The Battle of France, May 10 to June 25, 1940
Left: Desperate and terrified French refugees flee advancing German troops, their cars, horse-drawn wagons and carts, wheelbarrows, and bicycles loaded with household possessions. Despite the stifling summer heat, it was common to see women wearing layered clothing: skirt over skirt (as seen here), skirt over trousers, coats over jackets, gloves, scarves, and hat. To add to the unfolding tragedy Luftwaffe pilots roared their Junkers Ju‑87 Stuka dive-bombers and Messerschmitt Bf 109 fighters low over the crowded roads, bombing and strafing defenseless civilians and French soldiers in retreat. Some mothers, deathly afraid and wearied by carrying toddlers, entrusted their children to passing motorists and military convoys, eventually losing track of them in the ensuing chaos. Heart-rending messages begging for news of lost children appeared tacked on public buildings and in print media for weeks afterwards. The French Red Cross managed to reunite 90,000 lost children with their parents.
Right: Heading toward the unknown, the former occupants of an automobile push their overloaded vehicle along a rural road in France after it ran out of gas. Lots of refugees had no idea where the column they were in was heading or where they would eventually end up, especially those from the Low Countries and working-class Parisians who had never been outside the capital. Many of the displaced found they had packed too much, and roadsides soon became littered with abandoned belongings, cars, and trucks. Nearly everyone had run out of food inside several days on the road.
Left: A packed Paris train station, June 12, 1940, as panicky Parisians try boarding trains leaving the capital. Two days earlier the government vacated Paris, signaling to Parisians that it was no longer safe to remain in the capital. Almost 3 out of 5 million Parisians clamored to get out of the city. By the time representatives of defeatist French premier (since June 16, 1940) Marshal Philippe Pétain signed a humiliating armistice on June 22, 1940, the German Blitzkrieg had loosed itself across more than half the nation.
Right: One observer of l’Exode reminisced: “People would go to the station with their entire fortunes: baskets, mattresses, suitcases, trunks, strollers, bicycles and caged canaries” and try to load their possessions on trains already packed with anxious and weary passengers bringing similar items on board.

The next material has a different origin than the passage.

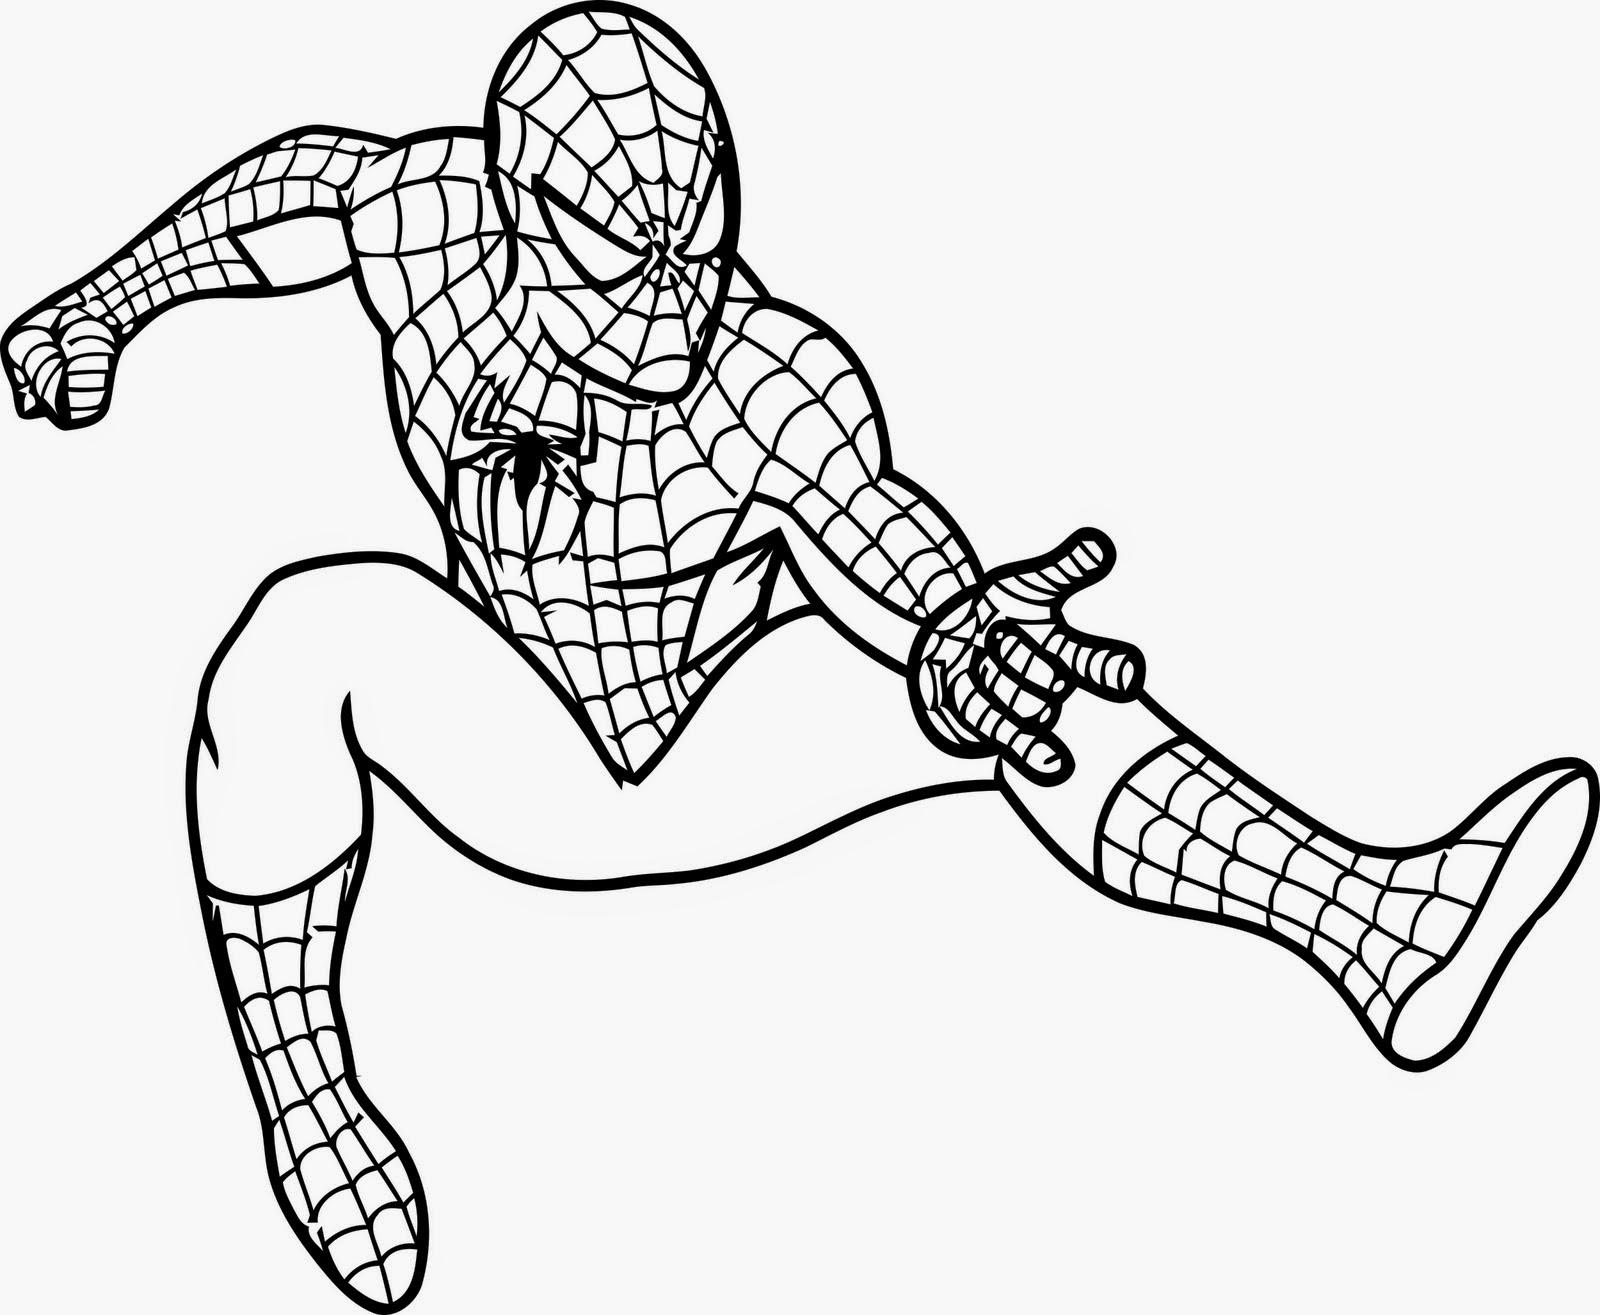 Spiderman tinggal di kota New York dengan nama asli Peter Parker berikut Mewarnai Gambar Superhero Spiderman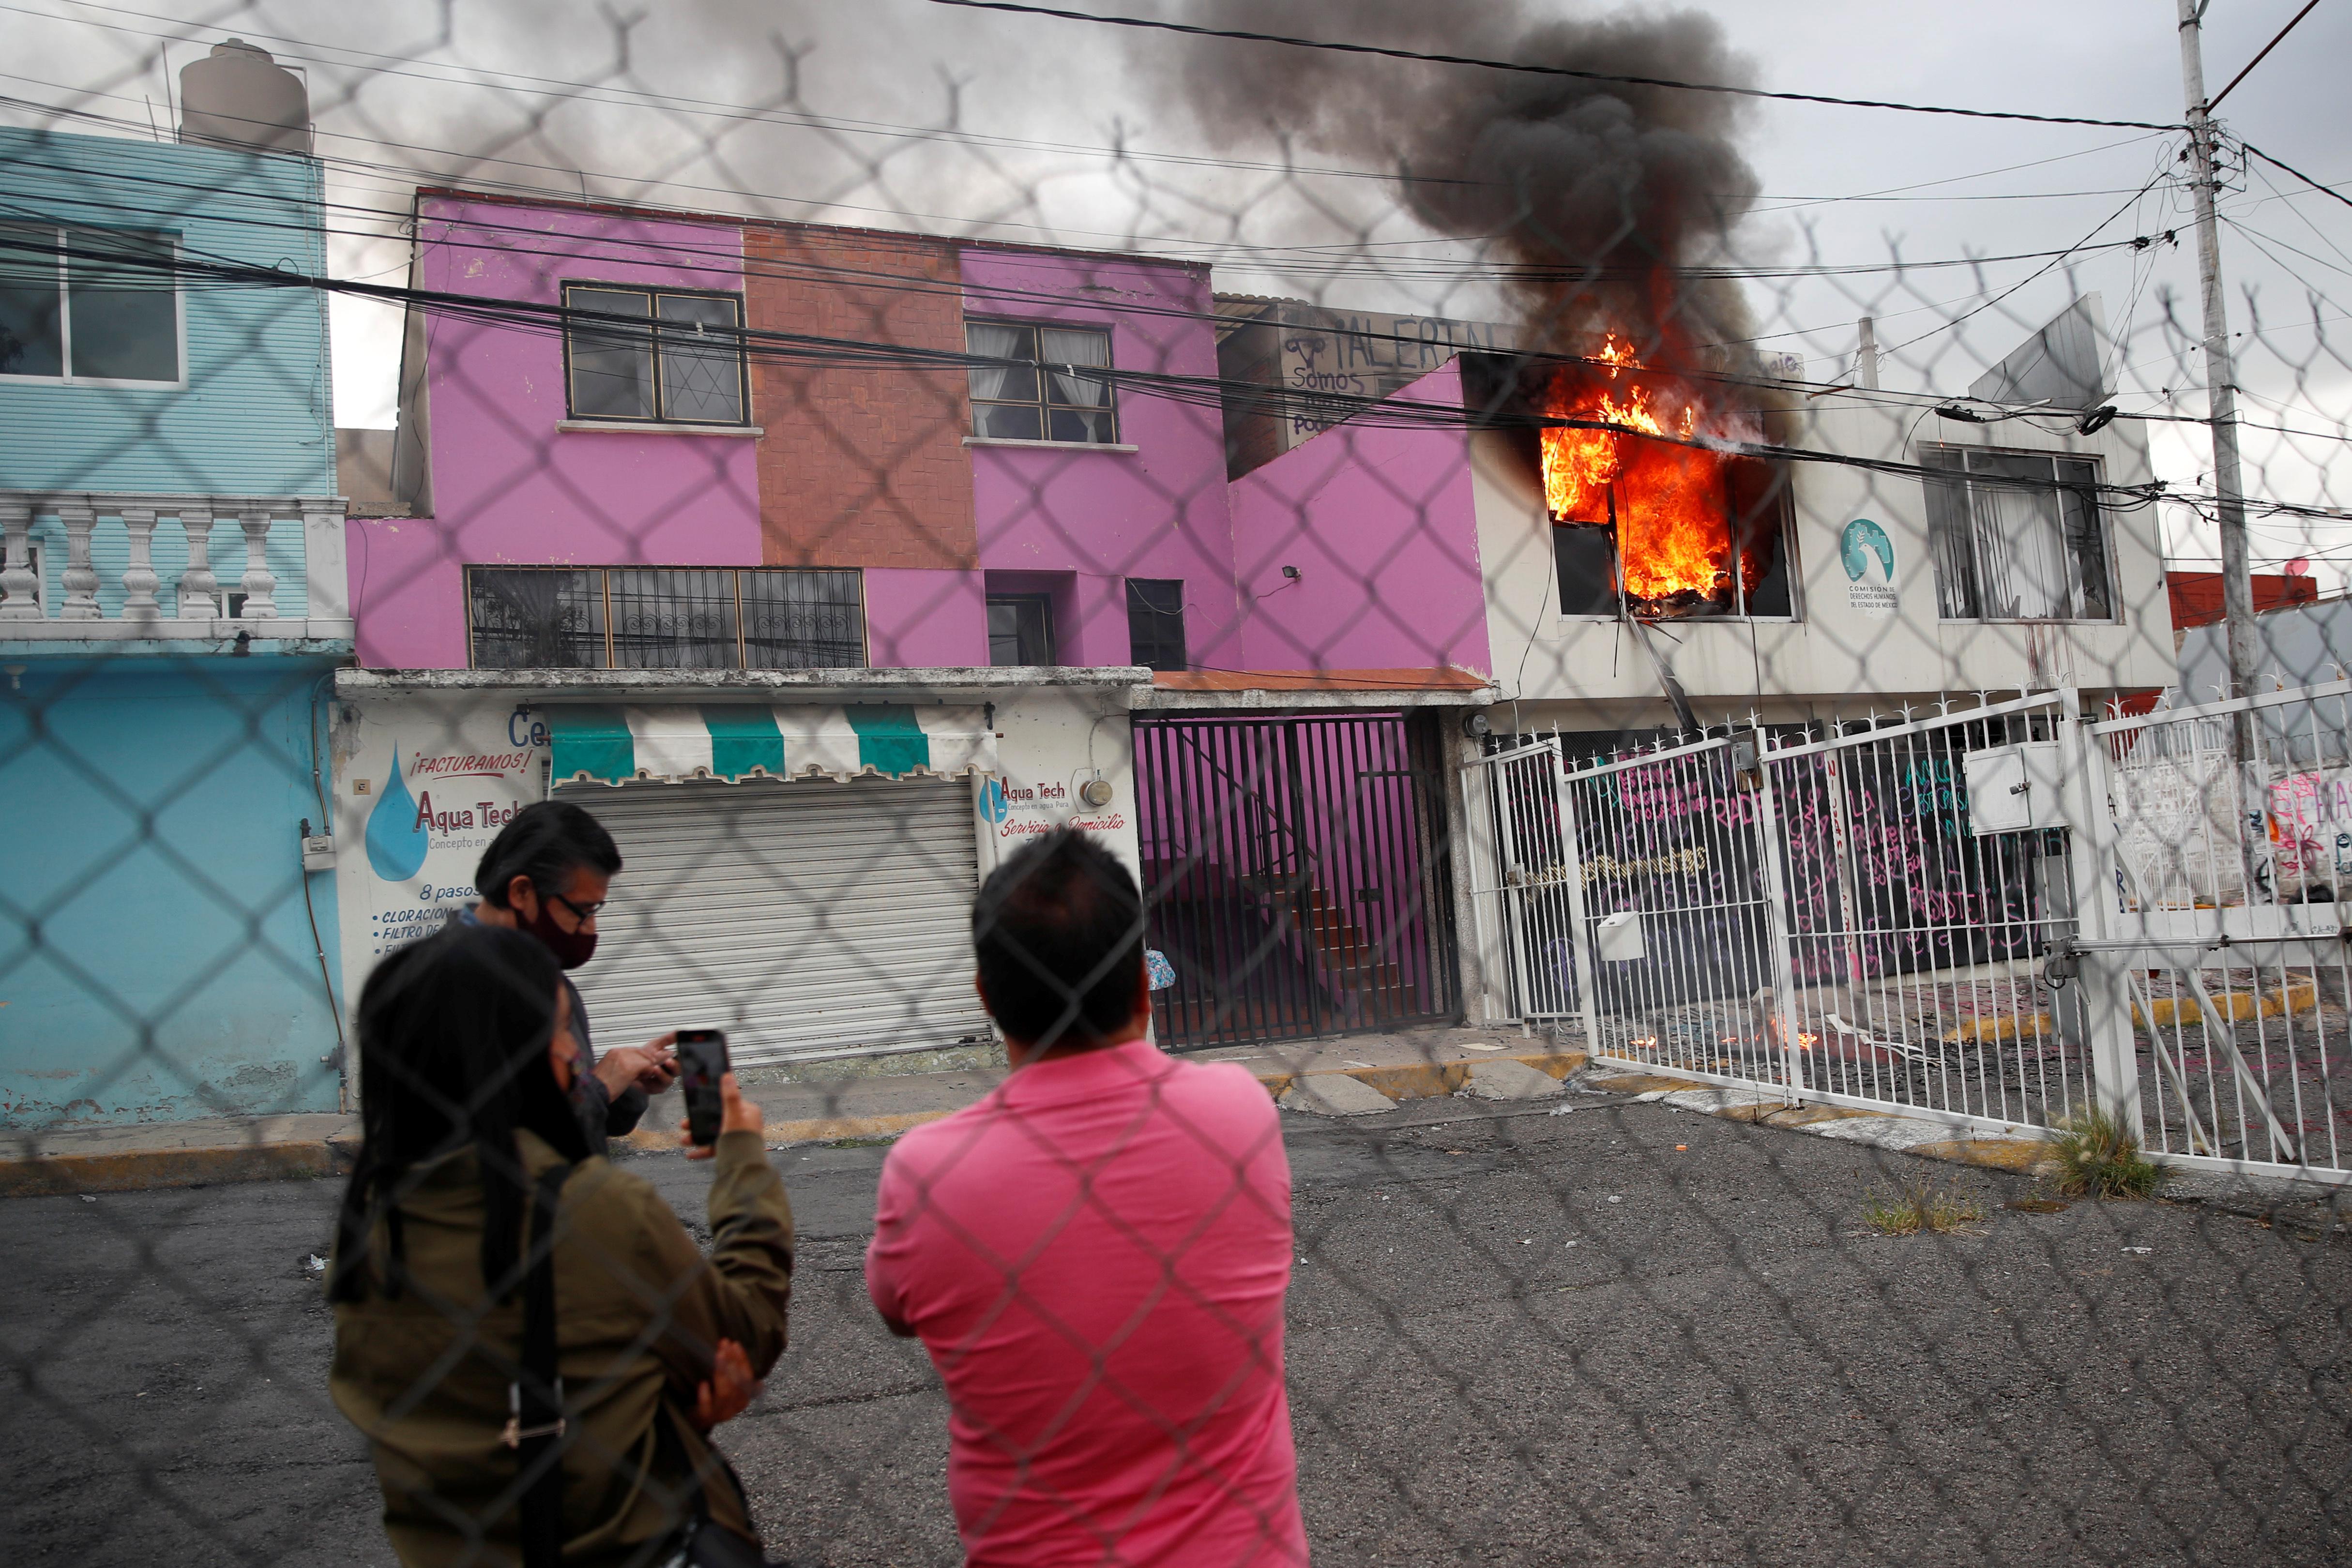 La gente observa un incendio que estalló luego de que miembros de un colectivo feminista destrozaran las instalaciones de la comisión de derechos humanos del estado de México, en apoyo a víctimas de violencia de género, en Ecatepec, Estado de México, México el 11 de septiembre de 2020.

Toilets provided additional seating and storage space. He also recalled that “runaways and the failed soldiers” often looted homes abandoned by their frightened residents.
Left: Baby in stroller lifted into impossibly crowded train, Paris, June 1940. To avoid German aerial attacks, some trains carrying evacuees traveled in the evening or night with lights out.
Right: Standing atop the Arc de Triomphe in Paris, German soldiers and collaborationist French officials attend to mounting the swastika-emblazoned Nazi flag on one of the most recognizable symbols of French national pride, June 1940. The French capital endured four years of Nazi occupation and oppression before its liberation by U.S., British, and Free French soldiers on August 25, 1944.